Model that simulates the processes behind reading in the brain.

View the Project on GitHub PhPeKe/OB1_SAM

OB1 reader

OB1 is a reading-model that simulates the processes behind reading in the brain.

For more information about the theoretical aspects of OB1 and a validation of it’s reading capabilities see:





This is the most important function for controlling the behavior of main.py. Here the user can specify which parts of the programm should be run and also set the initial parameters when tuning. Furthermore the user can define which measures are used as error-function for the tuning process.

N.B. To change the language, you need a text file and a lexicon file. Simulations currently run on the German Potsdam corpus. For Dutch a lexicon with most frequent words is provided, but there is no coprus with correctly formatted eye-tracking data available yet to compare the performance of the reading simulation to.


In this file the main programm flow is defined. It has calls to the reading function, which simulates the actual reading, as imported from reading_simulation.py, the analyze function as imported from analyse_data_pandas.py and the optimize function, which is scipy’s L-BFGS-B optimizing method. The function called by this optimizing method is a wrapper that takes the parameters called in parameters.py and feeds them to the reading simulation. The optimize function makes use of a slightly adapted version of the analyzing function that can be found in get_scores.py.


This file embodies the heart of the whole programm, the reading simulation. Here the input text is fed into the visuo-spatial representation which is activating bigramm-matrices, which in turn are activating words that are recognized. The resulting (correctly or incorrectly) recognized words are saved in all_data, together with a set of descriptive variables. At the end of the simulation this data-representation of the reading process is saved as a pickle file ( all_data_INPUT_LANGUAGE.pkl ) for analysis in a later stage together with all unrecognized_words ( unrecognized_INPUT_LANGUAGE.pkl ).


Helper-functions for the reading simulation in reading_simulation.py


This file provides functions to read in the eye-tracking data collected during the experiment where participants had to read the same text that is presented to the OB1-reader.

analyse_data_plot.py / analyse_data_plot_qualitative.py

In this files the result of a single experiment is analyzed and plots as seen in the publication are produced.

analyse_data_transformation / analyse_data_pandas.py

These files are providing various functions to analyze the data used in analyse_data_pandas.py


OB1 can be used for different purposes.


In the standard version it reads a german text and uses word frequency as well as word predictability (cloze probability) to recognize words presented in its visual field.

Plots are produced and saved in “/plots”


In this version the model is executed multiple times in order to find the set of parameters that enables the model to read in a way that is similar to how a human would read the text.
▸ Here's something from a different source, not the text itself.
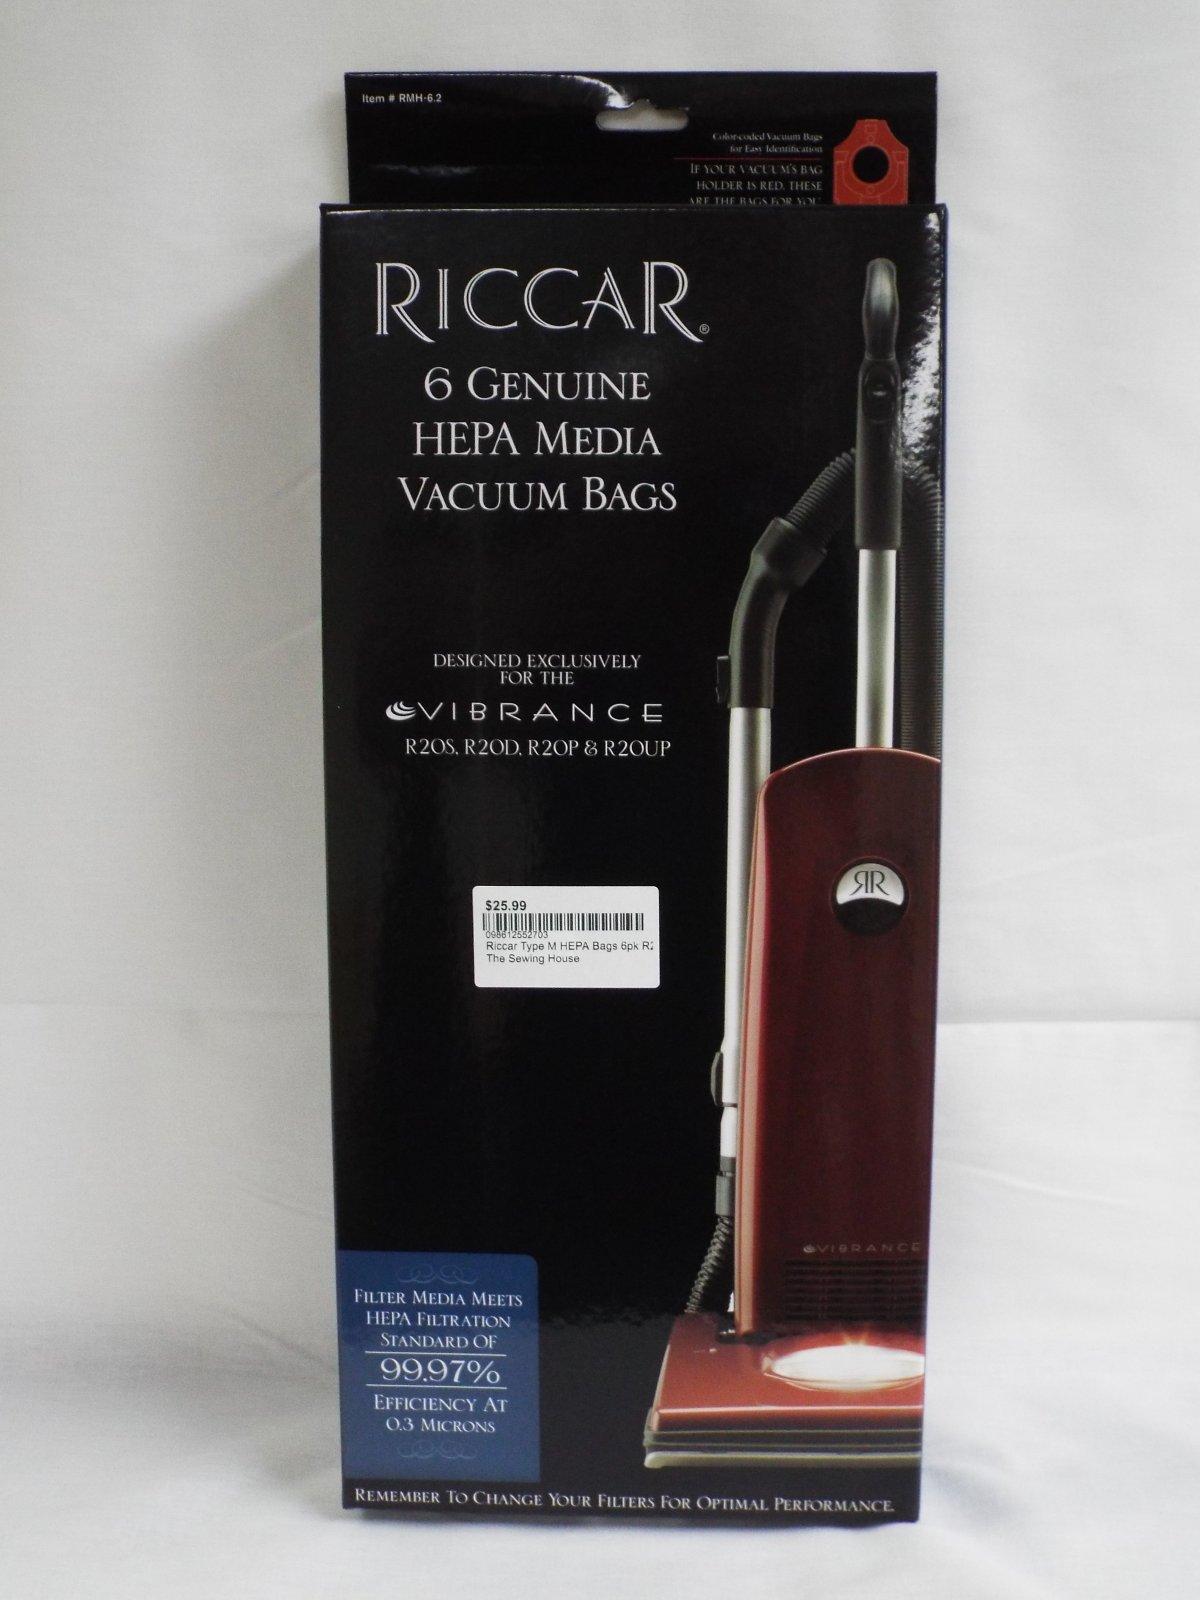 Riccar Type M HEPA Bags 6pk R20D, R20P & R20UP
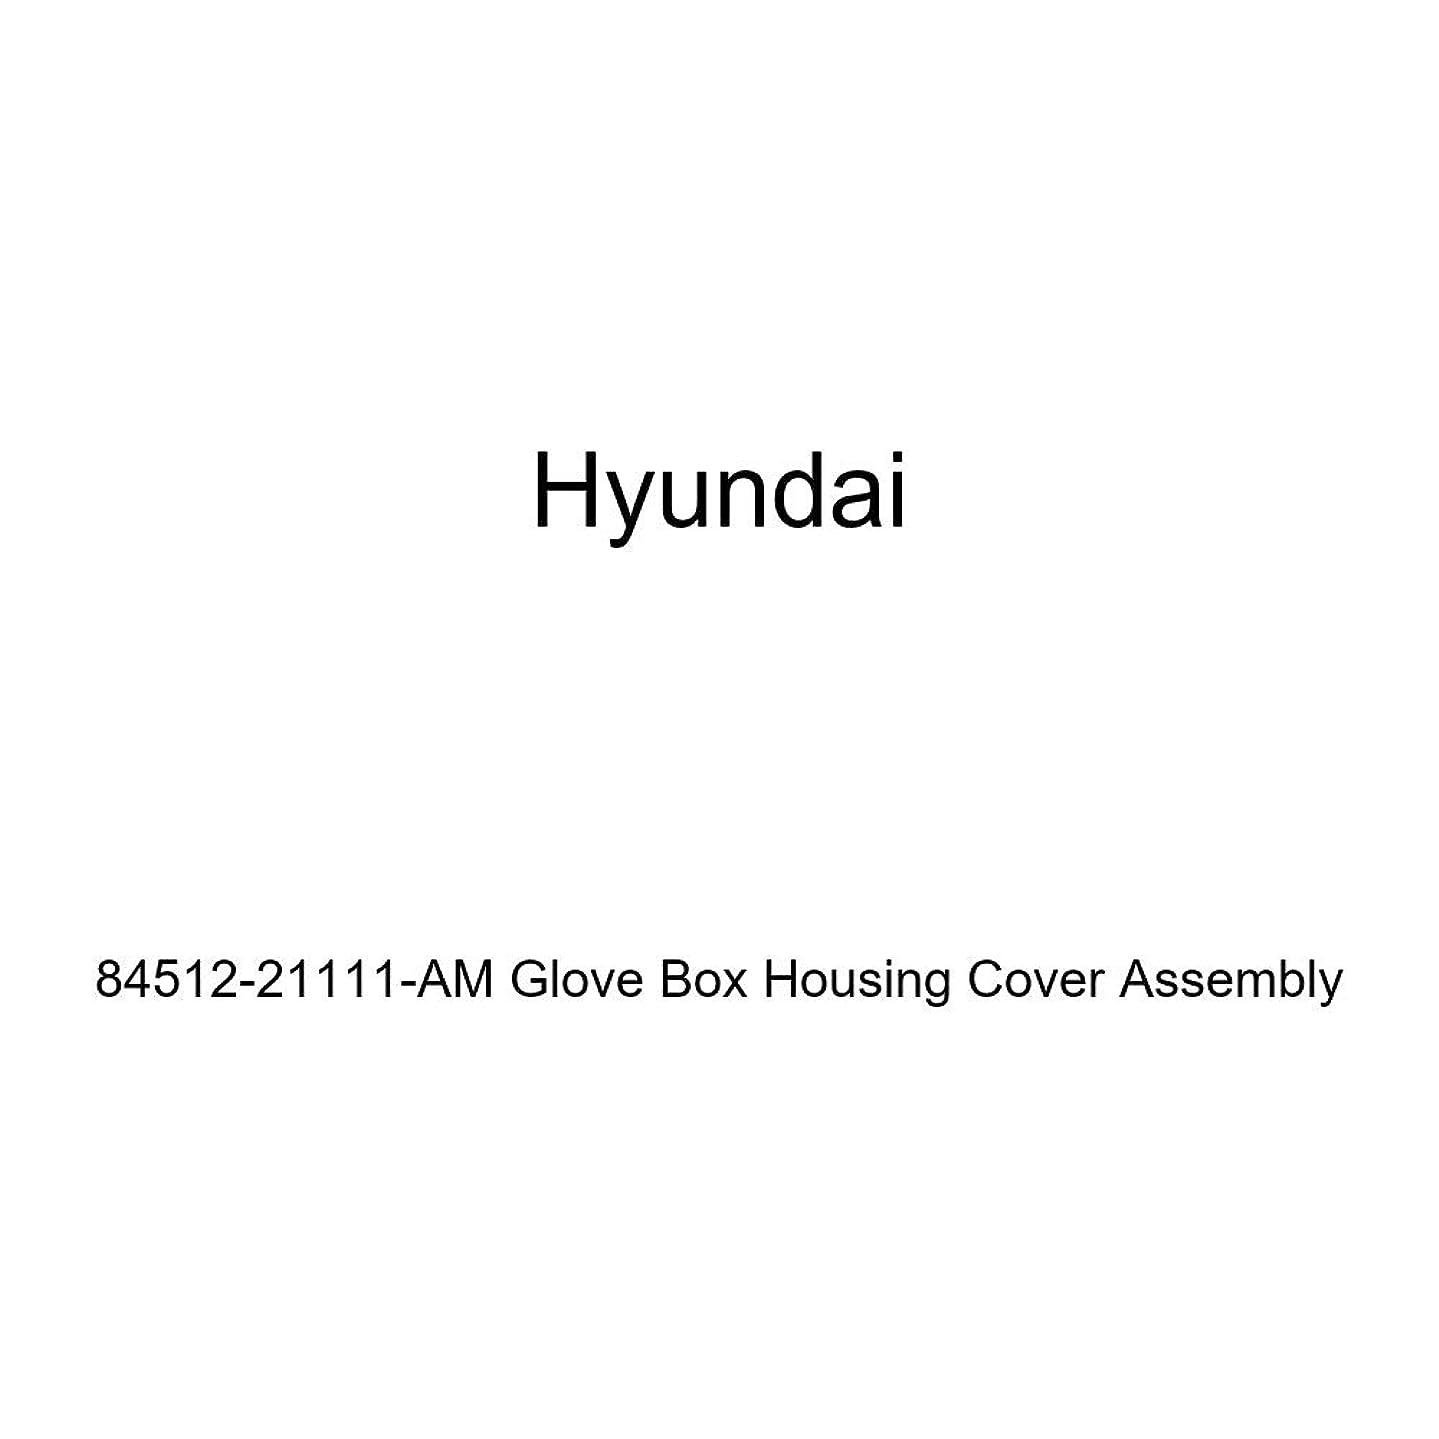 Genuine Hyundai 84512-21111-AM Glove Box Housing Cover Assembly

The optimization is done by using the L-BFGS-B optimization method from scipy.

How to use OB1

Running an experiment:

In order to run a “normal” (Which means reading the input text-file once and comparing the results to an eye-tracking experiment) experiment one should set “run_exp” and “analyze_results” in parameters.py to True and “optimize” to False.


For parameter-tuning define the parameters you wish to change and their bounds in get_parameters.py. Then go to reading_simulation.py where you have to unpack these values again based on the order in which they have been packed.

Next go to parameters.py and change “optimize” to True. Don’t forget to set “run_exp” as well as “analyze_results” to False if you want to just optimize.

The parameters are saved if they are better than the parameters from the previous iteration. They are saved as a text file named after the tuning measure and the distance between experiment and simulation.

adding a new language

To add a new language there has to be the plain text as input data for the reading simulation (see PSC_ALL.txt as an example for the format), a lexicon (see word_freq.pkl as an example) as well as the preprocessed eyetracking-data recorded during an experiment where participants had to read the text that is presented to OB1. For an example of the input data derived from an eye-tracking experiment see the table stored in Fixation_durations_german.pkl.